> [What the task asks]:
Once the images are set aside, print the remaining lines below exactly.

> [Collected material]:
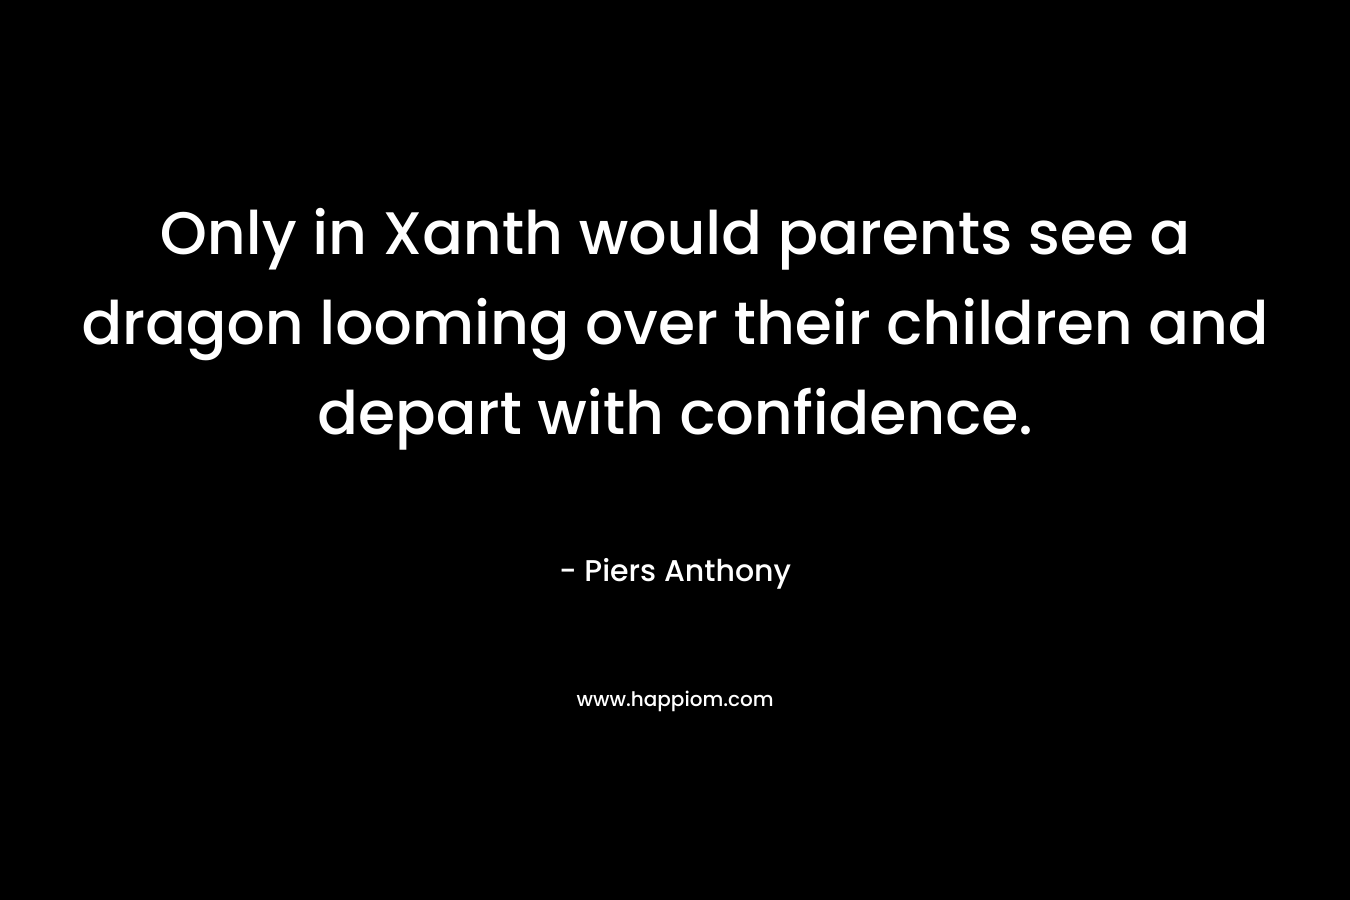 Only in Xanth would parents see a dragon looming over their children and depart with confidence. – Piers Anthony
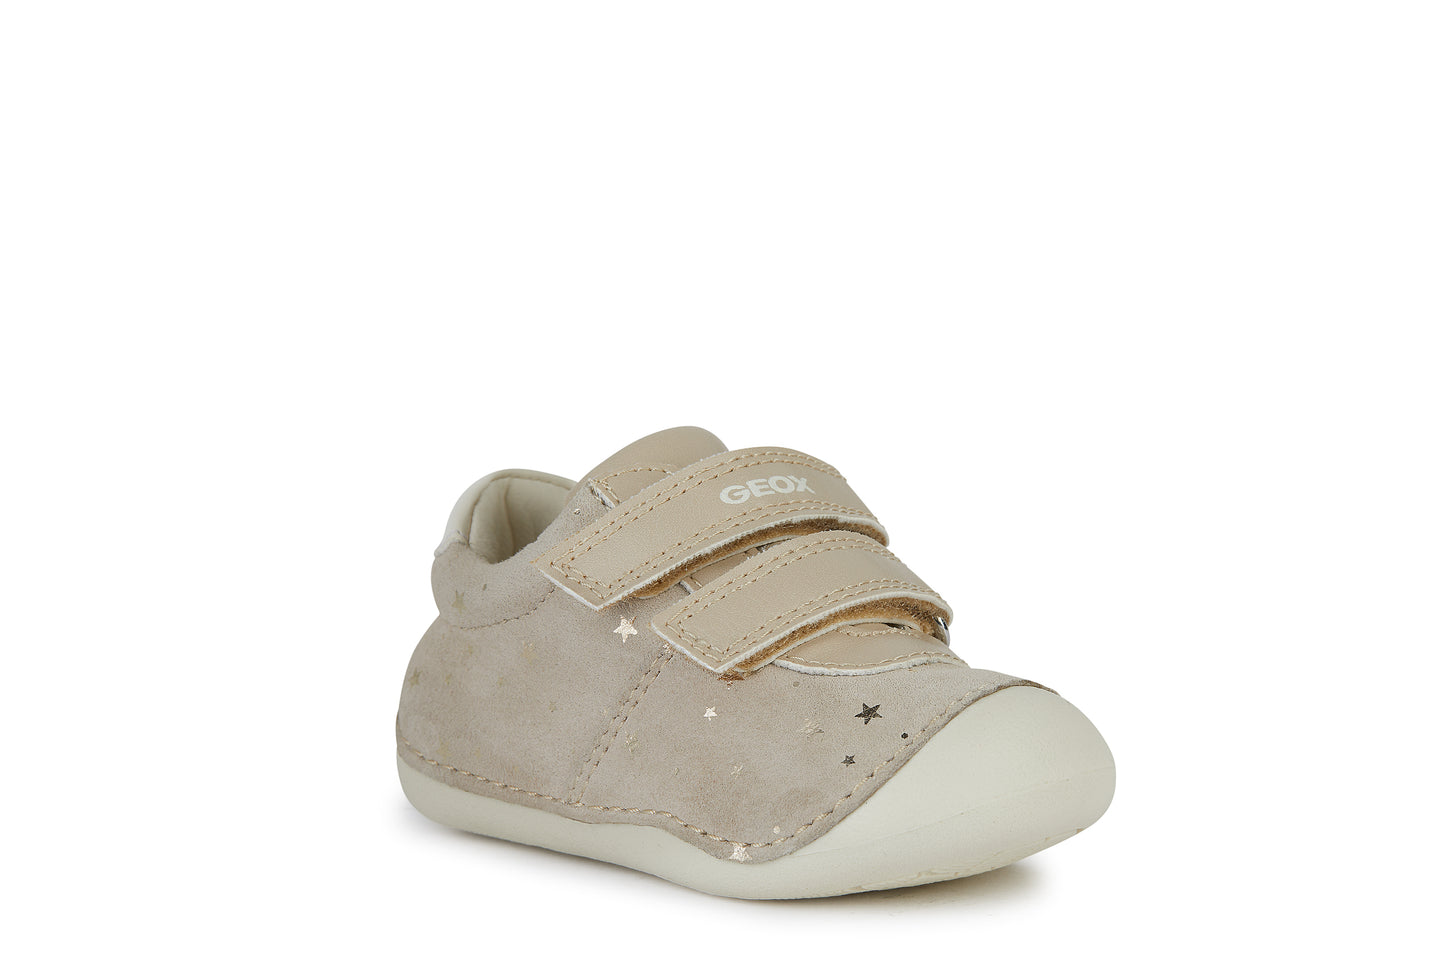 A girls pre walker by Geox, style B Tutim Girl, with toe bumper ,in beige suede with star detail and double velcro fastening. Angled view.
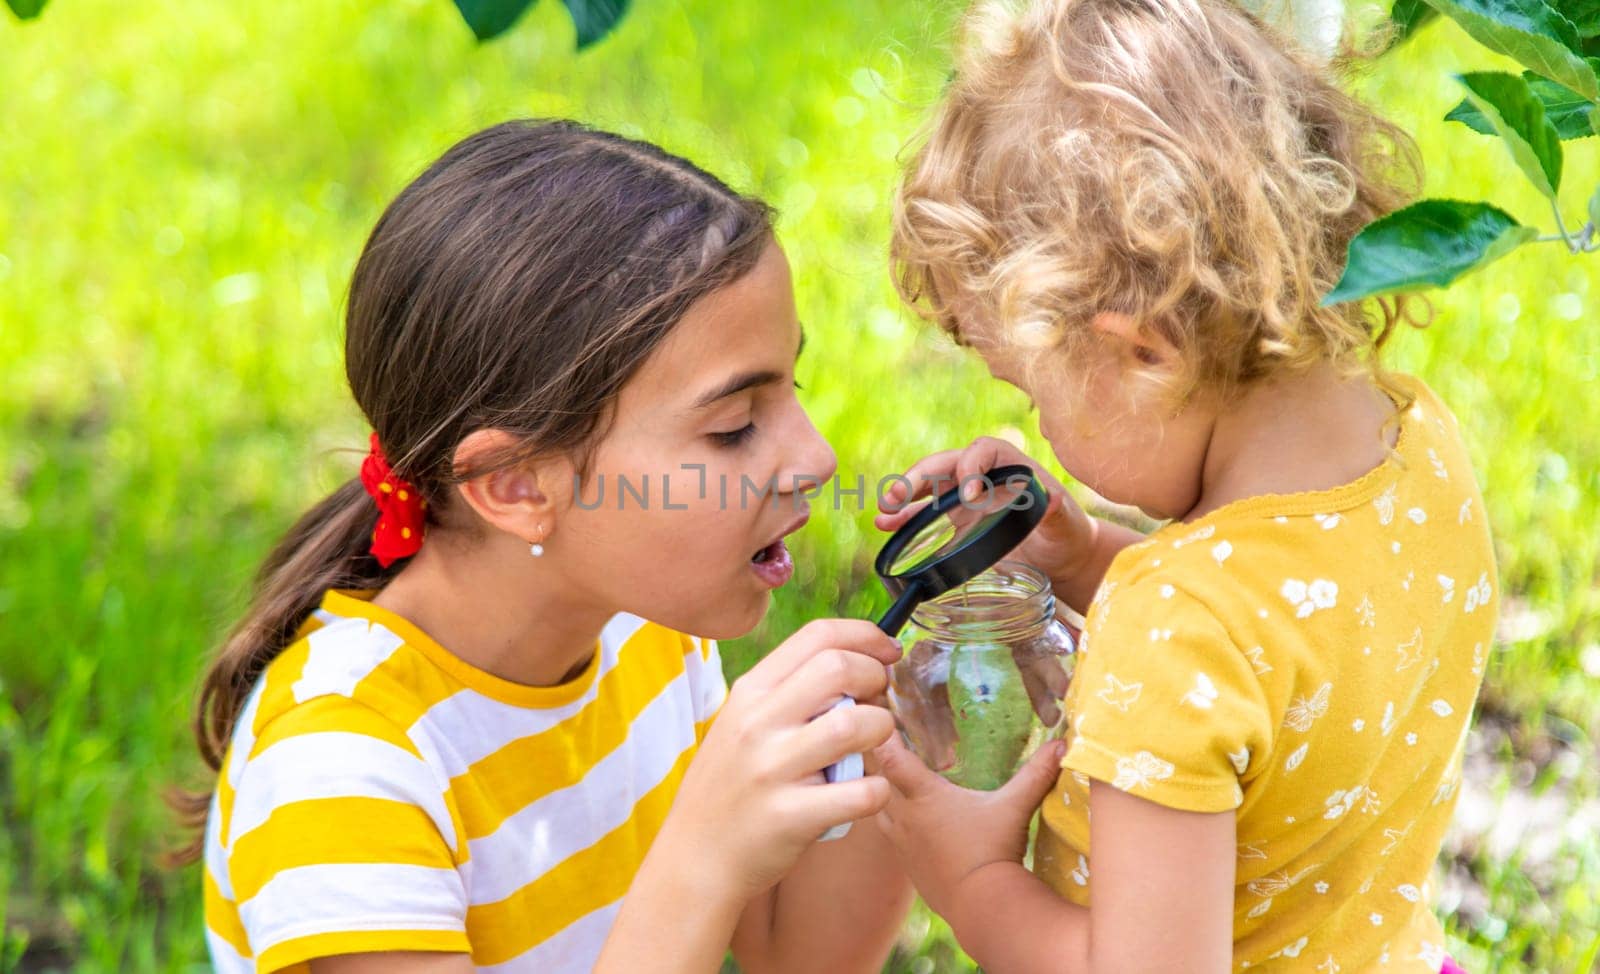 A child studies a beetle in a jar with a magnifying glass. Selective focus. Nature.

> [Exercise output]:
 Only in Xanth would parents see a dragon looming over their children and depart with confidence. – Piers Anthony
 A girls pre walker by Geox, style B Tutim Girl, with toe bumper ,in beige suede with star detail and double velcro fastening. Angled view.
 A child studies a beetle in a jar with a magnifying glass. Selective focus. Nature.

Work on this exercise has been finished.